Vergüenza que mata

Muchas mujeres evitan realizarse exámenes que se relacionen con su actividad sexual y con las enfermedades de transmisión sexual. Aunque hacerse los estudios sea cada vez más habitual, la falta de información y los prejuicios generan atraso.

Según BBC, algunas mujeres evitan someterse a la citología vaginal, más conocida como Papanicolaou, por temor o vergüenza al olor o apariencia de sus partes íntimas. El Papanicolaou es un procedimiento que permite detectar el cáncer cervical o de cuello de útero, ya que puede captar los cambios celulares anormales que se producen en el cuello uterino antes de que se desarrolle la enfermedad.

El cáncer cervical es el cuarto cáncer más común según la Organización Mundial de la Salud (OMS) y, también, el más habitual entre mujeres de 35 años. Sin embargo, tanto en el Reino Unido como en América Latina y el Caribe se reconoce no ser conscientes de ese riesgo.

Este tipo de cáncer se asocia al virus del papiloma humano (VPH) en un 99% de los casos. Las infecciones de VPH son comunes y son casi una evidencia de que una persona es o ha sido sexualmente activa.

Lauren Bennie, entrevistada por BBC, sostiene que evitaba por todos los medios hacerse el estudio; muchas cosas la hacían excusarse a la hora de ir al médico, como estar desinformada o sentir vergüenza sobre su propio cuerpo.

“Me preocupaba que la enfermera, con solo mirar mi vagina, tuviera la habilidad mágica de adivinar cuántas parejas sexuales había tenido. Pensé mucho sobre qué tipo de ropa interior ponerme.

No lo sabía en ese momento, pero la vergüenza que sentía por la prueba estaba dañando mi propio cuerpo”.

Cuando finalmente se sometió al procedimiento, los resultados no fueron positivos: confirmaron que tenía células anormales, precancerosas. Lauren señala que fue aterrador, pero por sobre todo angustiante, y se enojó mucho consigo misma por haber esperado tanto tiempo.
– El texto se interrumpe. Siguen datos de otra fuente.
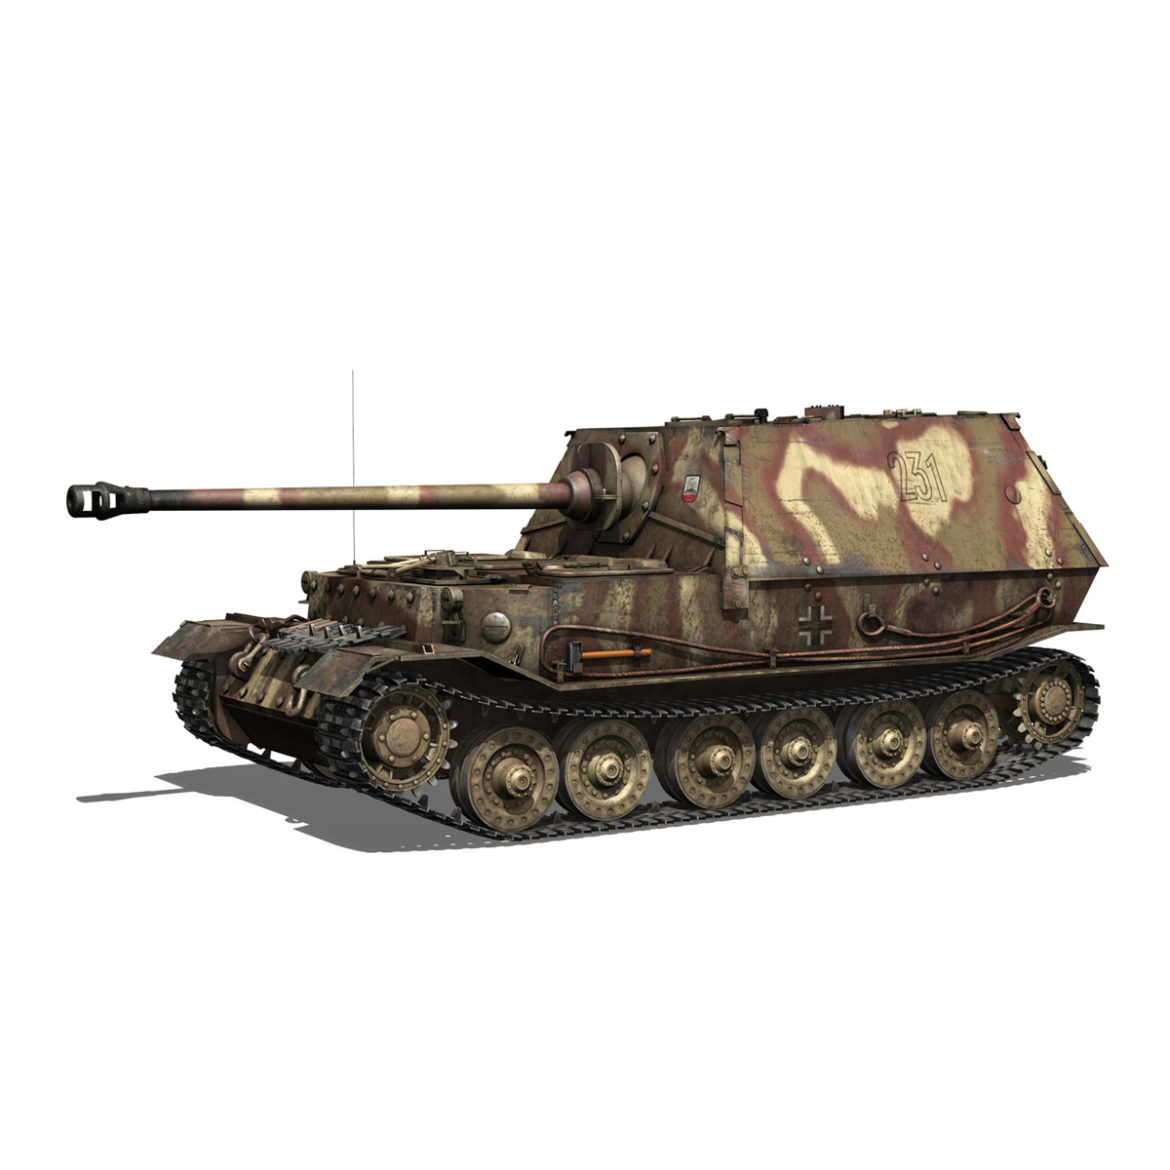 ferdinand tank destroyer – tiger (p) – 231 3d model 3ds fbx c4d lwo obj 295019

Una serie de encuestas realizadas a mujeres del Reino Unido reflejan que el 35% de las jóvenes evita realizarse citologías por la forma de su cuerpo, el 34% por la apariencia de su vulva y el 38% por preocupaciones por el olor de sus partes íntimas. Un tercio señaló que no se haría esa prueba sin antes haberse depilado, y alrededor de un 15% también señaló que faltaría a su prueba si tuvieran a esa misma hora otro compromiso.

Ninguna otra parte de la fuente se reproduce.